Ironically, the fact that a lot of people think "You it's actually kind of useful sometimes, therefore you can't compare it crypto/web3" is part of the engine that drives the hype.
The tech religious overhype train is here to stay. There has never been a more established need for calm honesty.
Do you understand what a massive impact that has been? It has disrupted one of the largest industries on the planet, which is drug trafficking.
So speaking of echo chambers…
Overall economic productivity didn't shoot up in the last decade despite the dramatic progress we had in software and hardware (e.g. [1]), and it's not clear that AI/ML will dramatically change that. Yes searching pictures on my iphone by text is convenient and Netflix recommendations might be more addictive, but the path from that to ubiquitous economic prosperity, safety, and comfort (the technoutopia many here are striving for) is not clear at all. It's also not very clear if those marginal improvements are worth the substantial share of total human brainpower thrown at them.
[1] https://www.aei.org/economics/good-news-bad-news-on-us-produ...
AI is just like crypto, but better!
Not sure that's reaaaaaaaaaally going to bring people around.Nope. The hype around AI by the AI bros is totally similar with the crypto bros back then.
> AI/ML is creating utility everywhere in our lives - speech to text, language translation, recommendation engines, relevancy ranking in search, computer vision...
Yet I guarantee that you don't trust any of their outputs for any serious applications and you need to constantly check for it's reliability since its output is often wrong, inaccurate or even outright nonsense.

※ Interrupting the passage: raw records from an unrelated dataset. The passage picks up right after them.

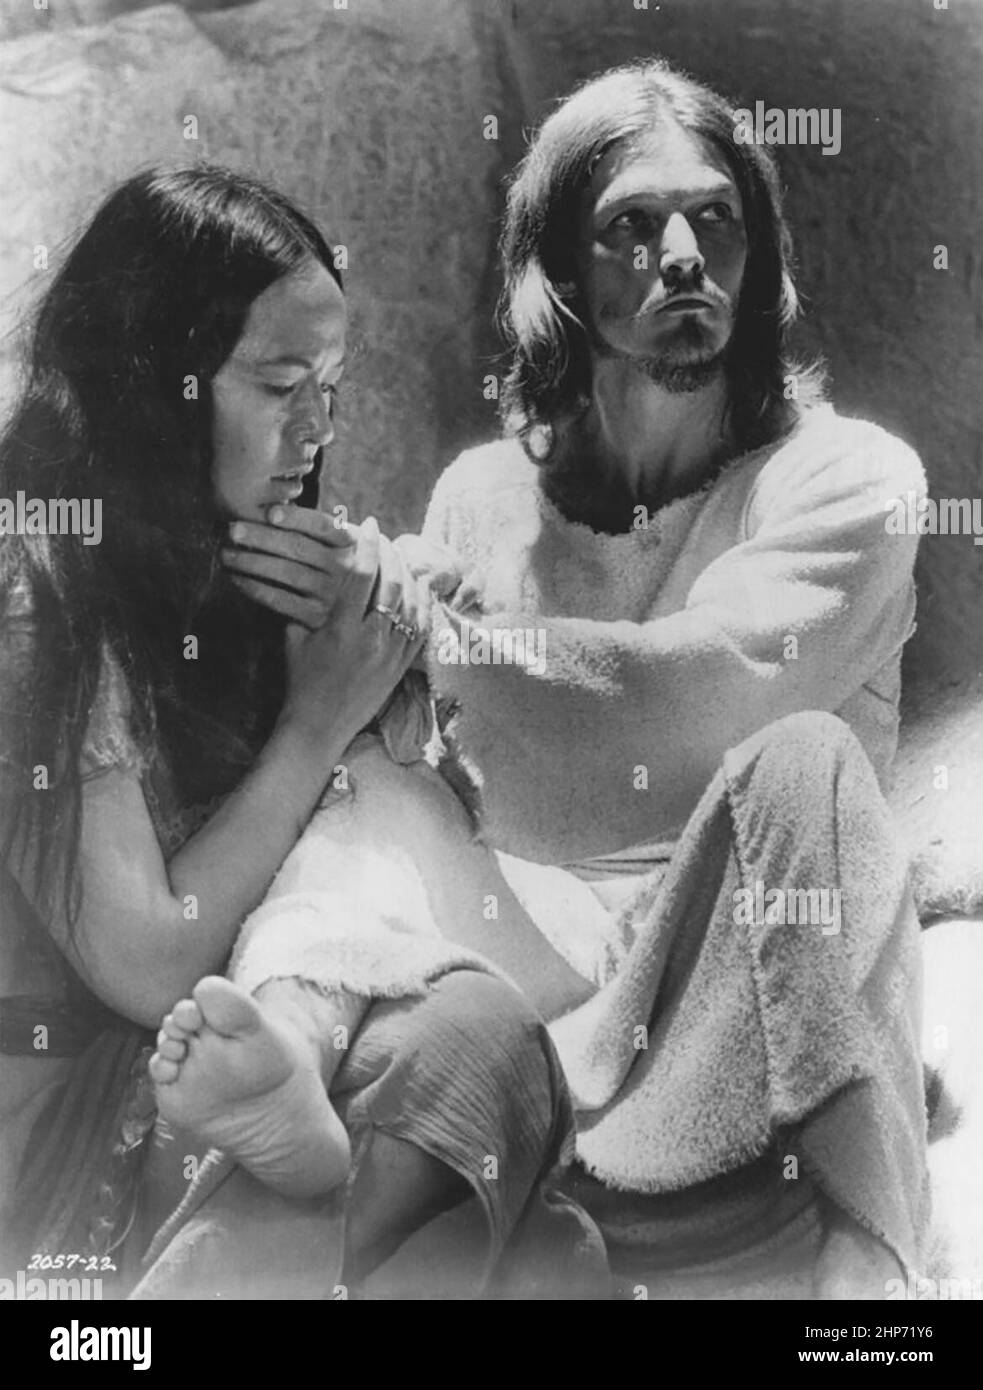 Publicity photo of American entertainers Yvonne Elliman and Ted Neeley promoting their roles in the 1973 feature film Jesus Christ Superstar Stock Photo
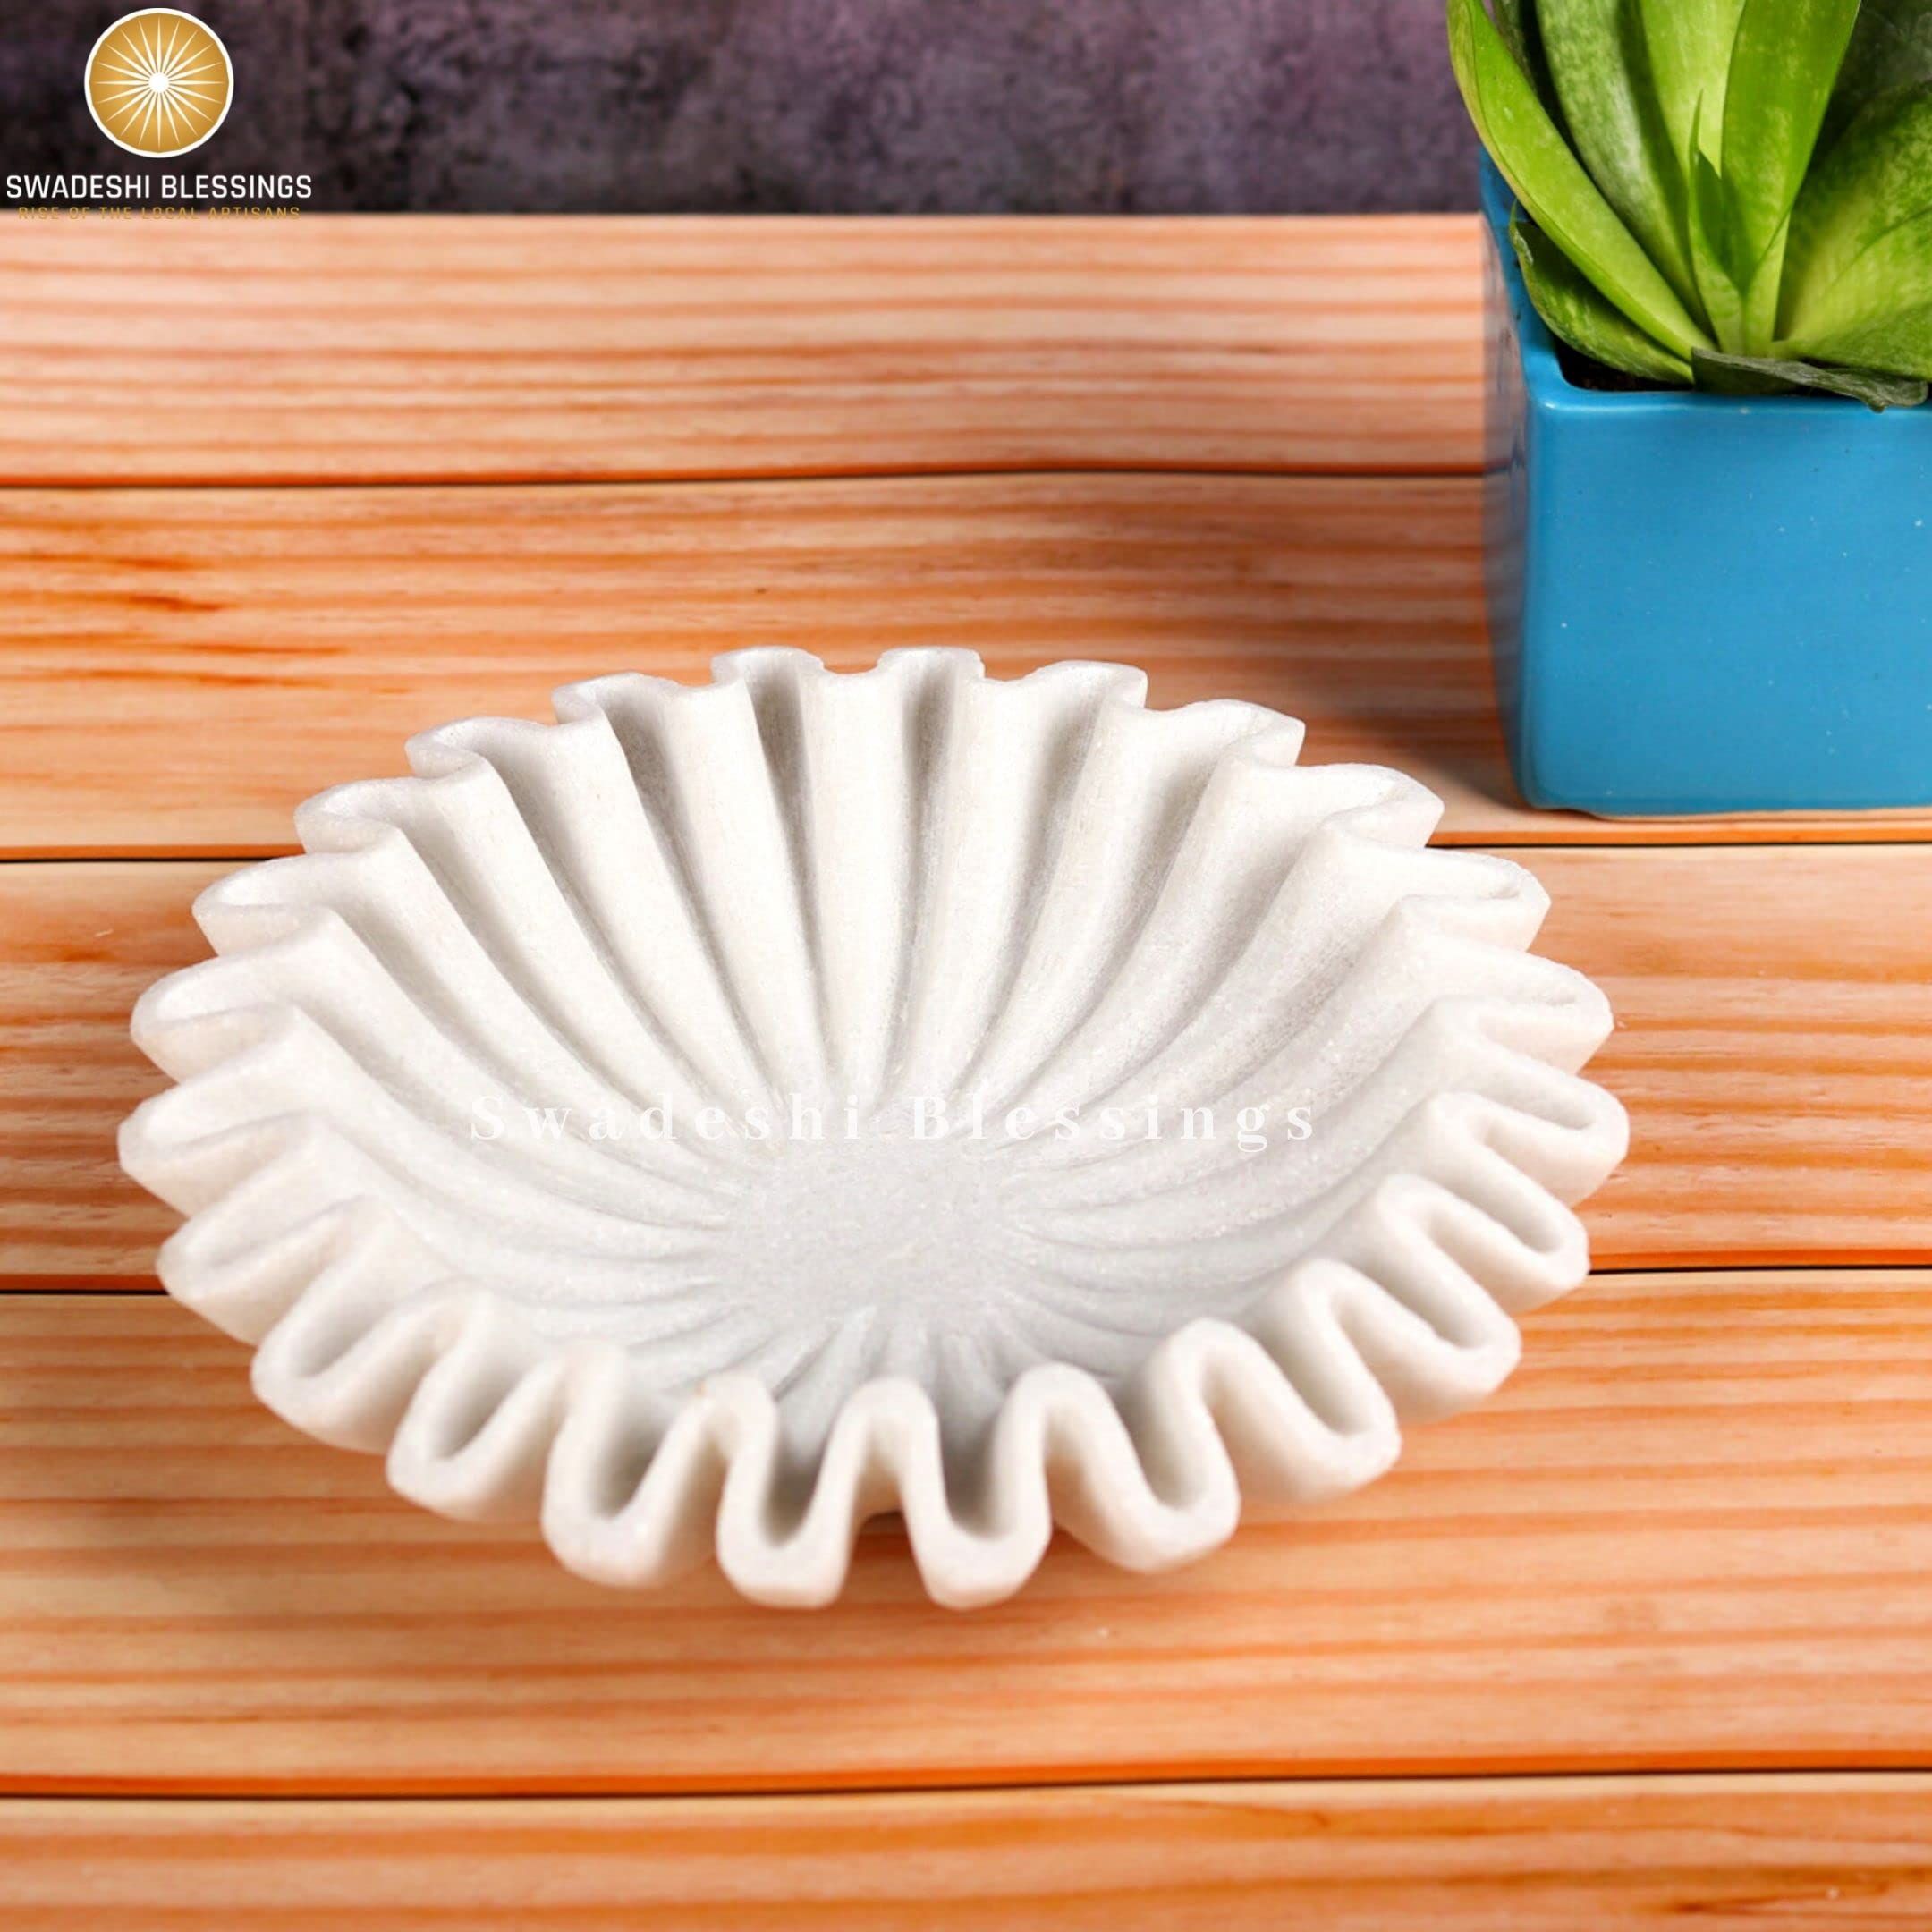 SWADESHI BLESSINGS HandCrafted Marble Ruffle Bowl/5 inches Amazon Home Decor Finds Amazon Favorites | Amazon (US)
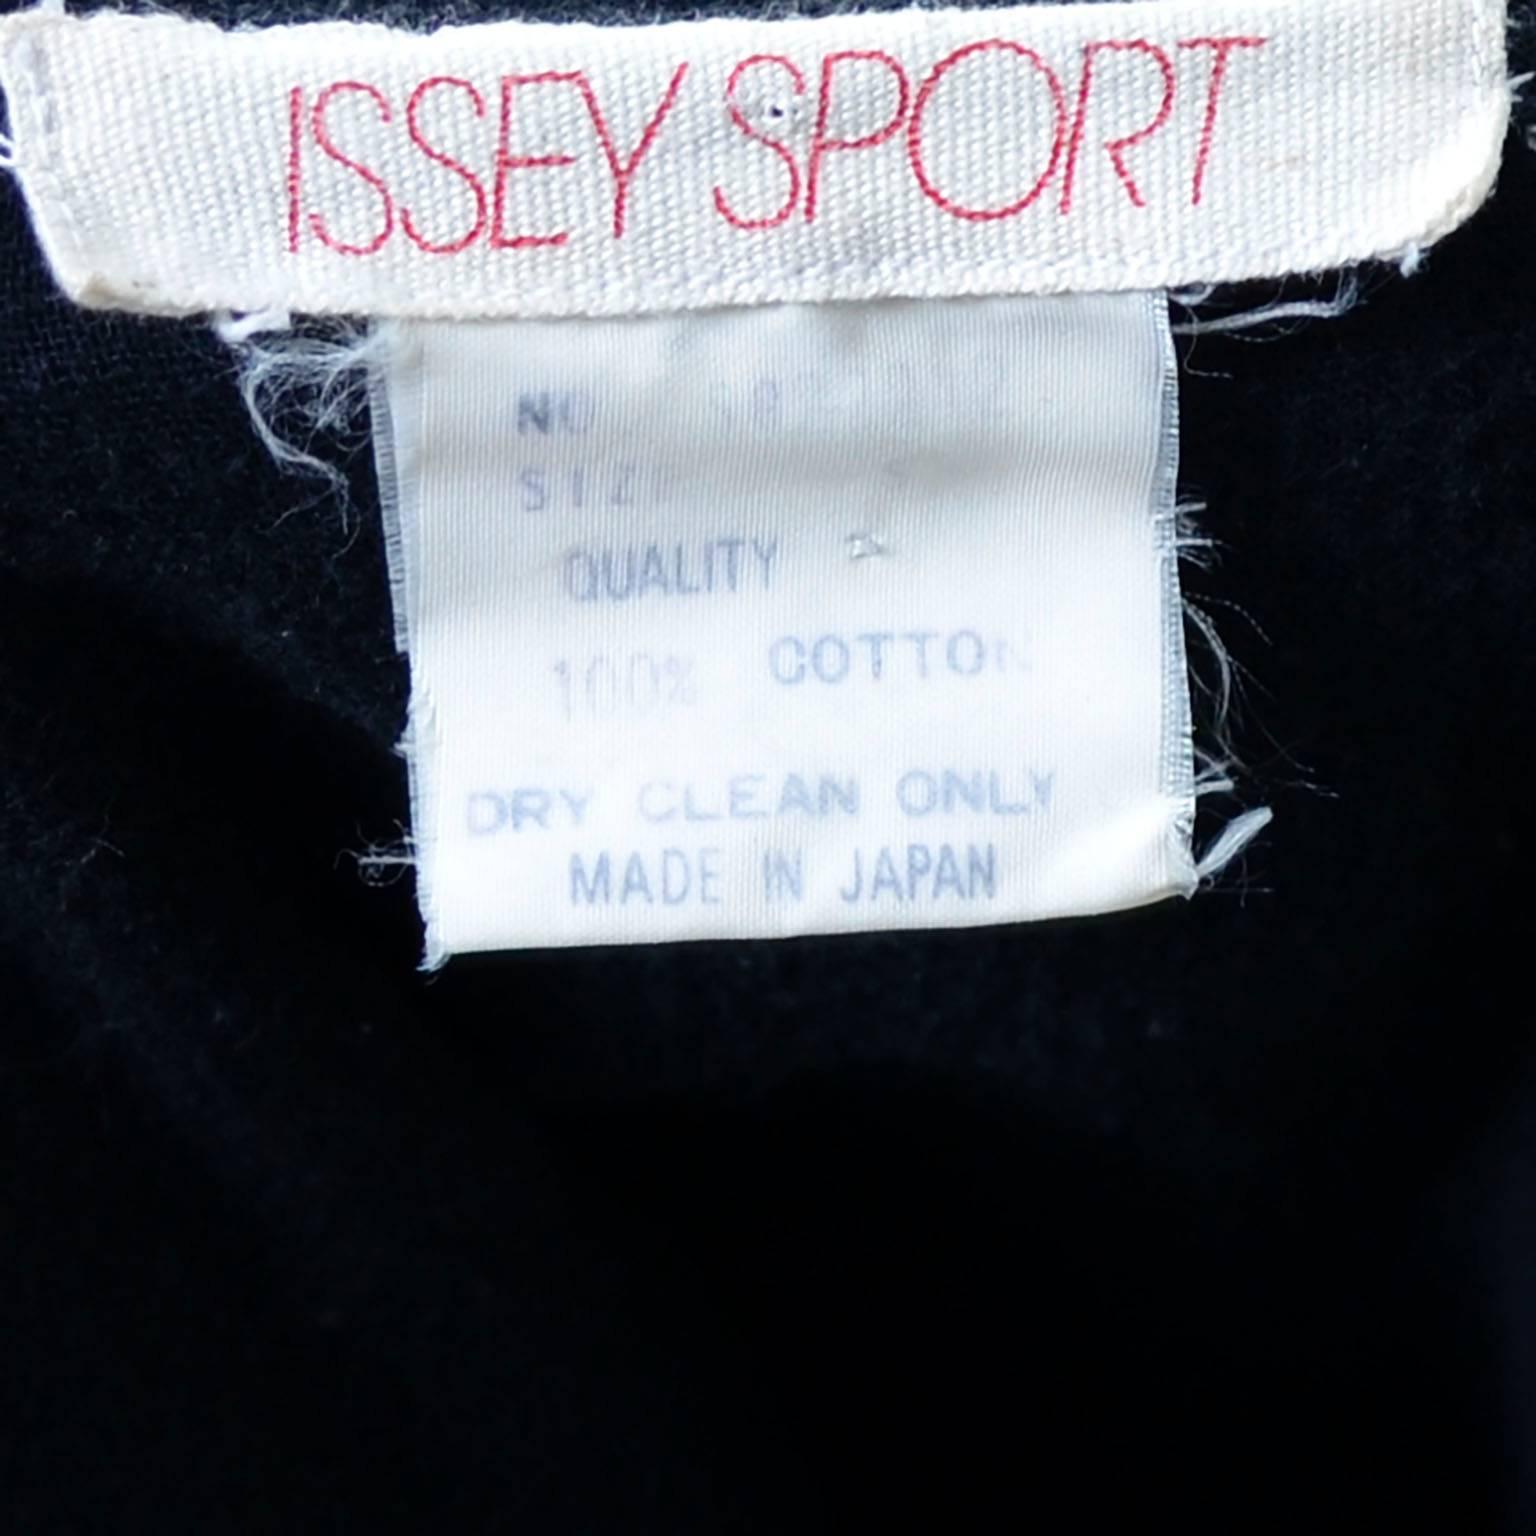 Issey Miyake Sport 1980s Cotton Dress or Tunic Made in Japan Minimalist Chic 2
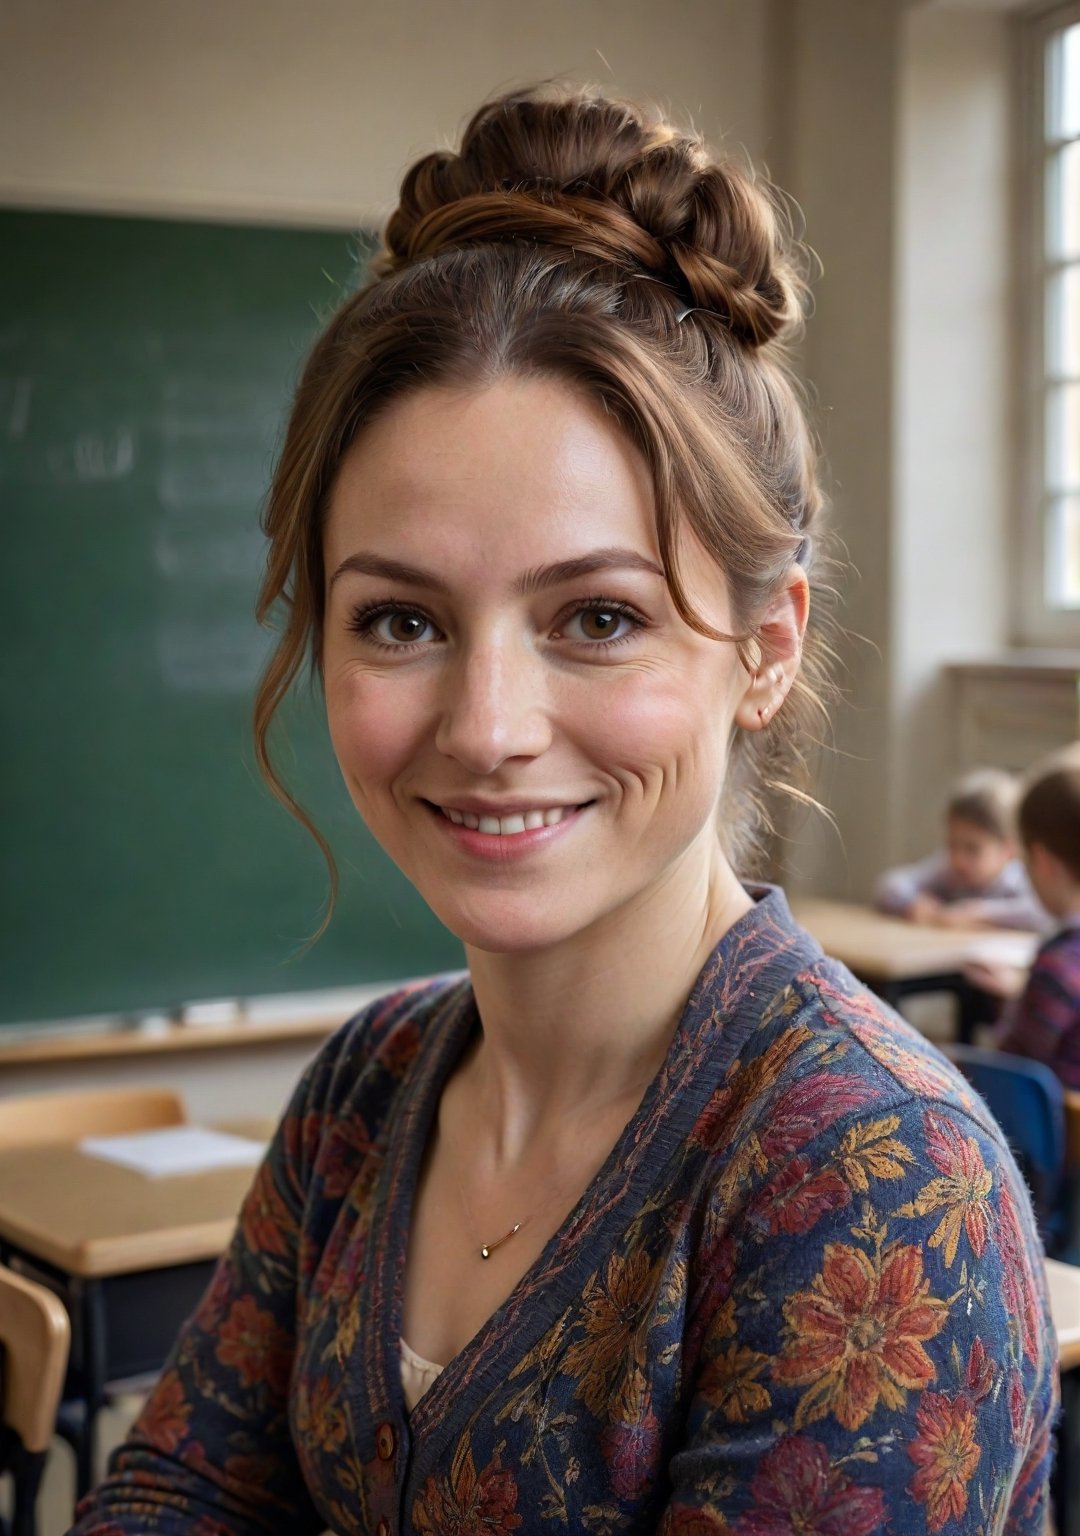 Elementary school view of a British teacher, 34 years old, embodying a nurturing spirit and educational dedication, with a petite, slightly rounded build, and a friendly face that includes a noticeable squint in one eye, in a vibrant London classroom. She's conducting a lesson, her gestures animated and inclusive, her smile gentle yet slightly crooked, engaging her young students.

Her hair, a bun of unruly auburn locks, is both practical and whimsically messy, fitting for her creative teaching style. Her eyes, one squinting more than the other, sparkle with enthusiasm and kindness, her uneven smile warm and encouraging.

She wears a (comfortable, patterned dress) and a (colorful cardigan), her style cheerful and relatable. Her feet, in (sensible, flat shoes), move gracefully around the classroom, her presence a blend of educational passion and a nurturing, inclusive approach.
(skin blemishes), 8k uhd, dslr, soft lighting, high quality, film grain, Fujifilm XT3, high quality photography, 3 point lighting, flash with softbox, 4k, Canon EOS R3, hdr, smooth, sharp focus, high resolution, award winning photo, 80mm, f2.8, bokeh, (Highest Quality, 4k, masterpiece, Amazing Details:1.1), film grain, Fujifilm XT3, photography,
(imperfect skin), detailed eyes, epic, dramatic, fantastical, full body, intricate design and details, dramatic lighting, hyperrealism, photorealistic, cinematic, 8k, detailed face. Extremely Realistic, art by sargent, PORTRAIT PHOTO, Aligned eyes, Iridescent Eyes, (blush, eye_wrinkles:0.6), (goosebumps:0.5), subsurface scattering, ((skin pores)), (detailed skin texture), (( textured skin)), realistic dull (skin noise), visible skin detail, skin fuzz, dry skin, hyperdetailed face, sharp picture, sharp detailed, (((analog grainy photo vintage))), Rembrandt lighting, ultra focus, illuminated face, detailed face, 8k resolution
,photo r3al,Extremely Realistic,aw0k euphoric style,PORTRAIT PHOTO,Enhanced Reality

You don't trust it yourself, which that is the problem of this entire hype cycle.
On top that, it is all at the expense of the planet getting incinerated with no efficient alternatives to counter the amount of extreme waste of resources that these systems are consuming. [1] [2]
> Crypto never amounted to anything beyond a currency for black market transaction, a vehicle for speculation, and a platform for creating financial scams.
'never'
So Moneygram, Stripe, Checkout.com, etc using it is 'never amounted to anything'? If it was only for financial scams, all of them would have stopped using it a long time ago.
They simply didn't because financial scams on a transparent public ledger is a scammers nightmare and sounds like a very poor platform for creating financial scams.
But maybe you need to look outside of the AI bubble and see the trillions of dollars in which the banks have allowed in actual black market transactions by criminals in the FinCEN files [0] which is nothing compared to crypto.
[0] https://www.standard.co.uk/tech/ai-chatgpt-water-usage-envir...
[1] https://www.nytimes.com/2020/09/20/business/fincen-banks-sus...
[2] https://gizmodo.com/chatgpt-ai-water-185000-gallons-training...
Both don't seem to work.
no
calling something "hype" should not be a stand-in for data
Consider how power structures (eg nation states) may change in such a future.